The representation of samples is also pluggable (again same considerations about there not being interfaces to easily use a different one). Allocation is handled inside the plug-in, and so a special implementation that has a fixed-size pool (possibly even with direct mapped topic-&-key value to address) is a not a complex project.
The way "xmsgs" and "xpacks" structures needed for transmitting data are managed is currently simply malloc/free, but these are transient things and the number of these required at any one time can be limited already (limiting the number of queued messages for restramit should do a lot for this). So wholesale replacement of malloc/free for something smarter (a topic I will get to below) would help managing these in a static environment.

Receive path:

There is a "challenge" 😁 on the receive path that I have described before (see #28, in particular the "radmin" bit) with the buffering of incoming packets. Defragmentation and reorder buffers can already be limited in the number of samples, though that should be replaced by a limit in the number of bytes to be honest ... The nice thing about defrag/reorder is that this happens before acknowledging the data and that therefore you can dynamically allocate from a fixed-size pool, just like any other caching mechanism. It would probably require wholesale replacement of q_radmin.c but that is not a daunting task.
Memory use by the reader history caches: I haven't gotten around to replacing the global ddsi_plugin abomination yet ... but I think it is fairly obvious that the plan is for each RHC to be completely pluggable just like the WHC already is. My gut feeling is that the current RHC could pretty easily be modified to pre-allocate everything, but even if that feeling were to prove incorrect, having it pluggable would give you a nice way out. (One of the plans with pluggable WHC & RHC is to be able to pick an optimised implementation for the simplest cases ... so for example a simple queue like ROS2 uses could then be implemented as nothing more complicated than that — that'll give a nice performance boost for those simple cases.).
Actual storage of sample data: see above, reader and writer use the same code for this.
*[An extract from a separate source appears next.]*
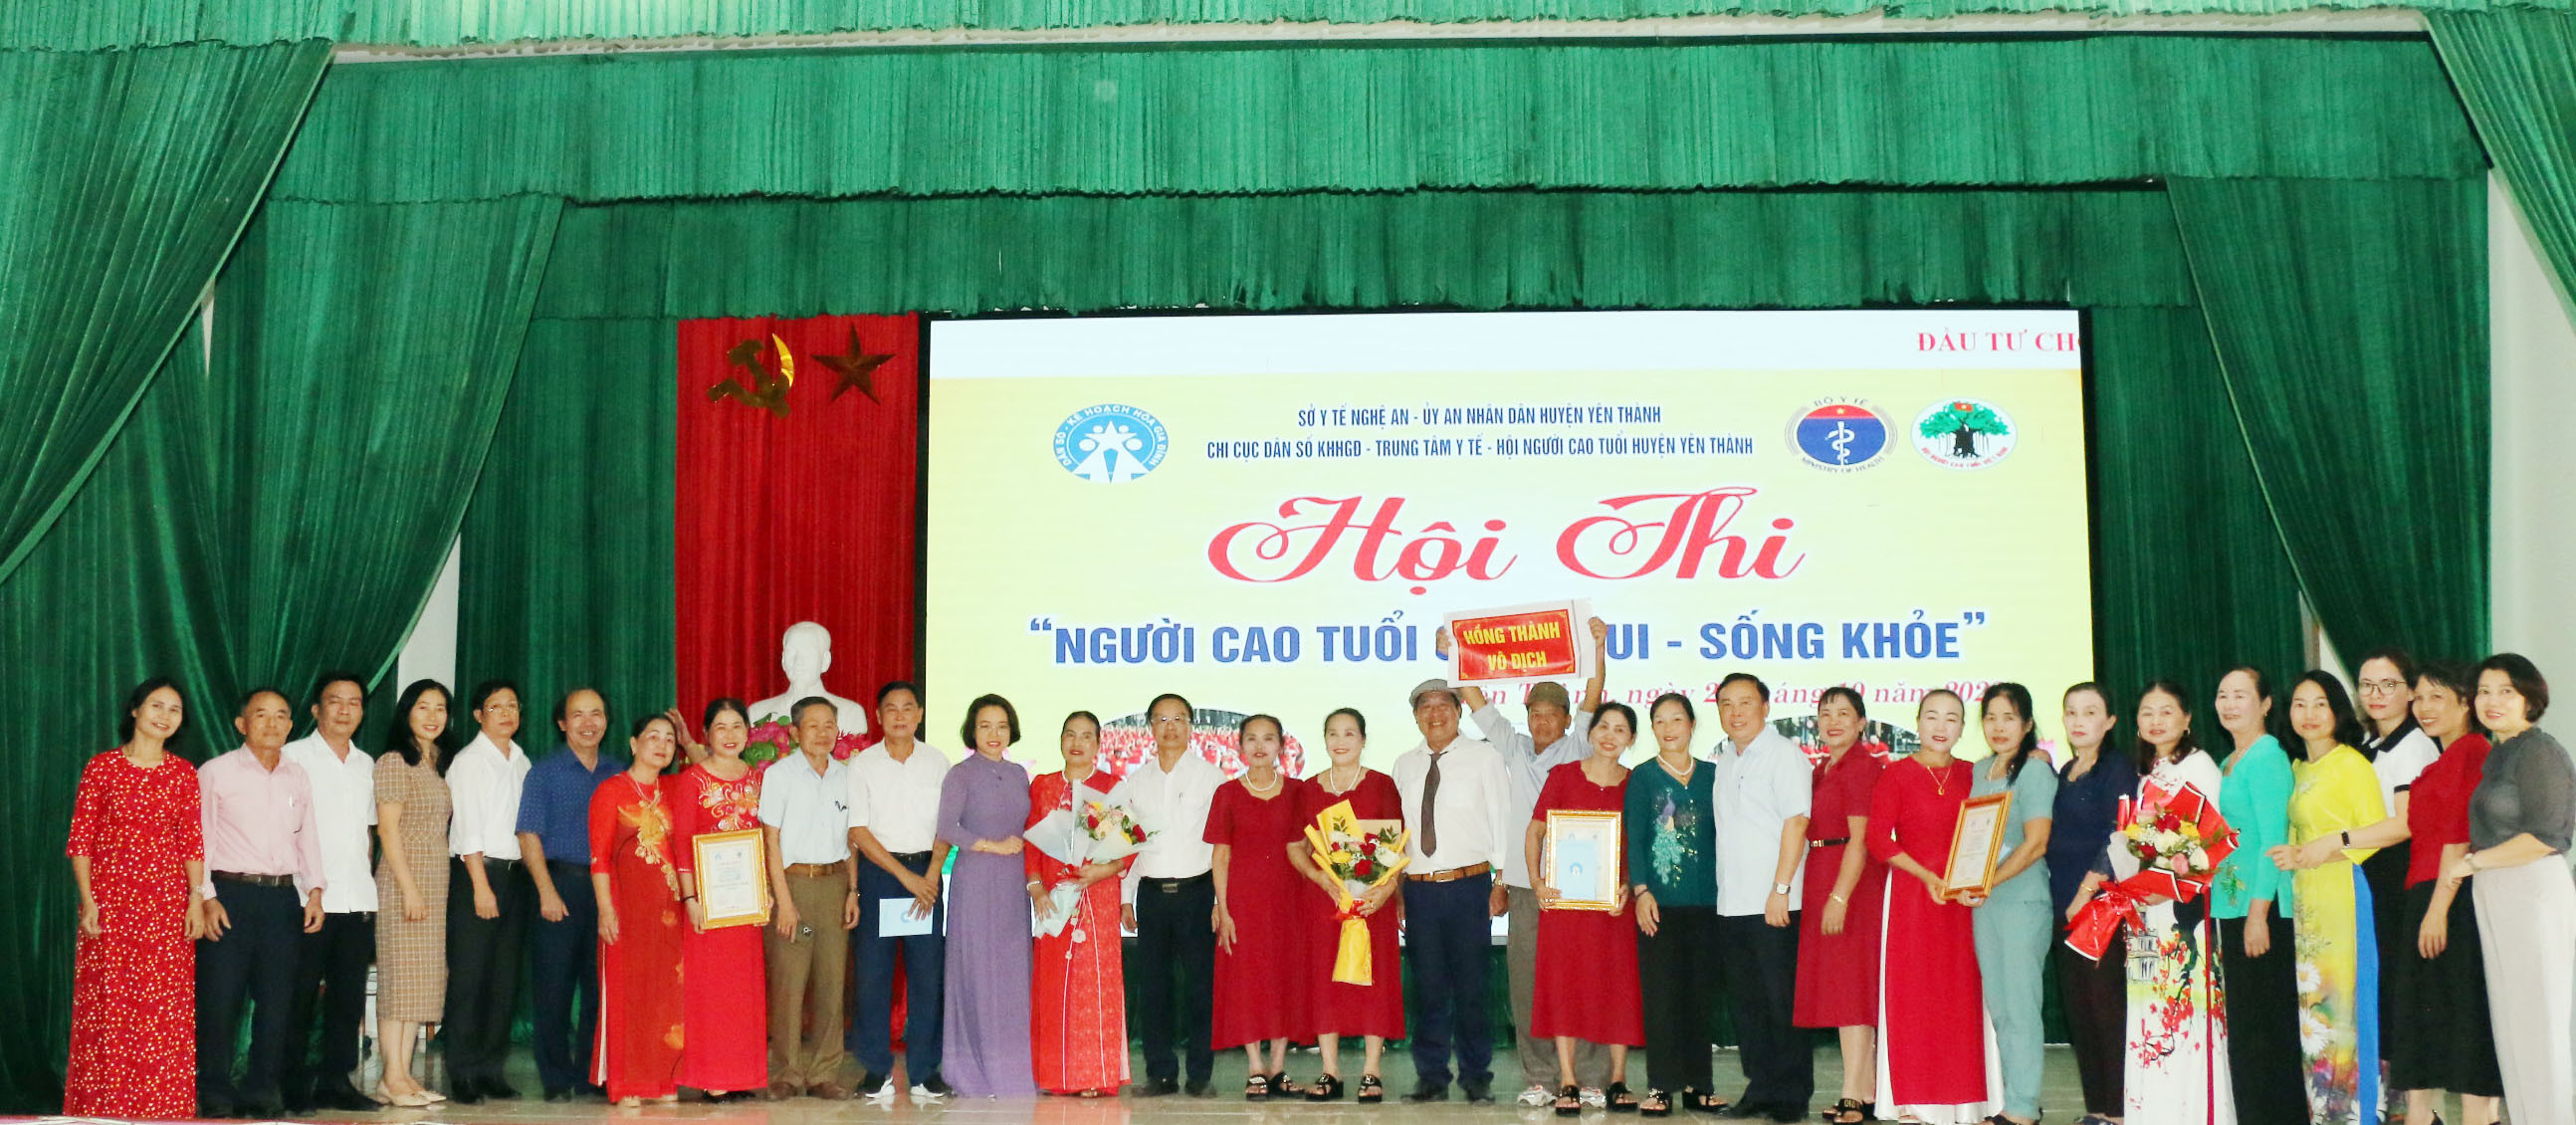 bna_Ban tổ chức trao giải Nhất cho đội đến từ xã Hồng Thành, giải ba xã Thọ Thành và giải nhì cho đội thi xã Phú Thành. Ảnh - Mỹ Hà.jpeg

Background activities (i.e., the tev thread):

The number of these is directly related to the number of entities + the number of queued retransmit messages + the number of queued discovery messages. Clearly, the number of these is manageable. Now these are dynamically allocated, and I think you'd go mad trying to entirely eliminate the dynamic allocation, but the number of them can be bounded and sizes is pretty much a constant, so using a different allocation strategy (that one again!) could do wonders.

Discovery:

I think this is a bit of a tricky: you have to discover the rest of the world and in the general case that requires an unpredictable amount of memory. I suppose you would only ever run without dynamic allocation in a system of known size, so you could bound it. Preallocating of proxy entities might be tricky, but probably not impossible — and in any case reserving sufficient memory and a special allocator could do a lot.
Then there are the various strings, sequences of strings and other things in the QoS. Don't yet have an easy answer for that ...

Other assorted stuff:

There is the key value to instance id map to look after. Allocating a sufficiently large hash table at startup would probably address the problem.
The entities in the dds_* files (because the above mostly is about the lower levels in the stack) are one-on-one related to creation of entities in the application, rather than with the data. So that would be manageable — at worst you could just create everything sequentially in the application code, which would ensure the same sequence of allocations each time it is started, and then simply use a preallocated pool of sufficient size. I wouldn't call that "elegant", but it should be effective nonetheless.

So I think getting to static allocation — or very nearly there as a first step — hinges on but a few key things:

sample representation
writer history cache implementation
reader history cache implemenation
"radmin" replacement
replacement of all malloc/free calls by calls into type-specific allocators, where the implementation of these allocators becomes pluggable

I'm really glossing over what exactly I mean by those allocators, but rather than sitting here typing one of the longest comments on GitHub ever, I'd like to point you to two The Slab Allocator: An Object-Caching Kernel Memory Allocator (Bonwick, 1994) and Magazines and Vmem: Extending the Slab Allocator to Many CPUs and Arbitrary Resources (Bonwick and Adams, 2001), two well-known papers originating in the Sun Microsystems kernel engineering group. The reasoning they describe applies here, too, and it will probably make clear what I mean even though it doesn't apply one-on-one. Do keep in mind that the memory allocator design business has evolved since then — Linux used a similar one but then improved on it, the behaviour of modern C library malloc is far better than the old ones, &c.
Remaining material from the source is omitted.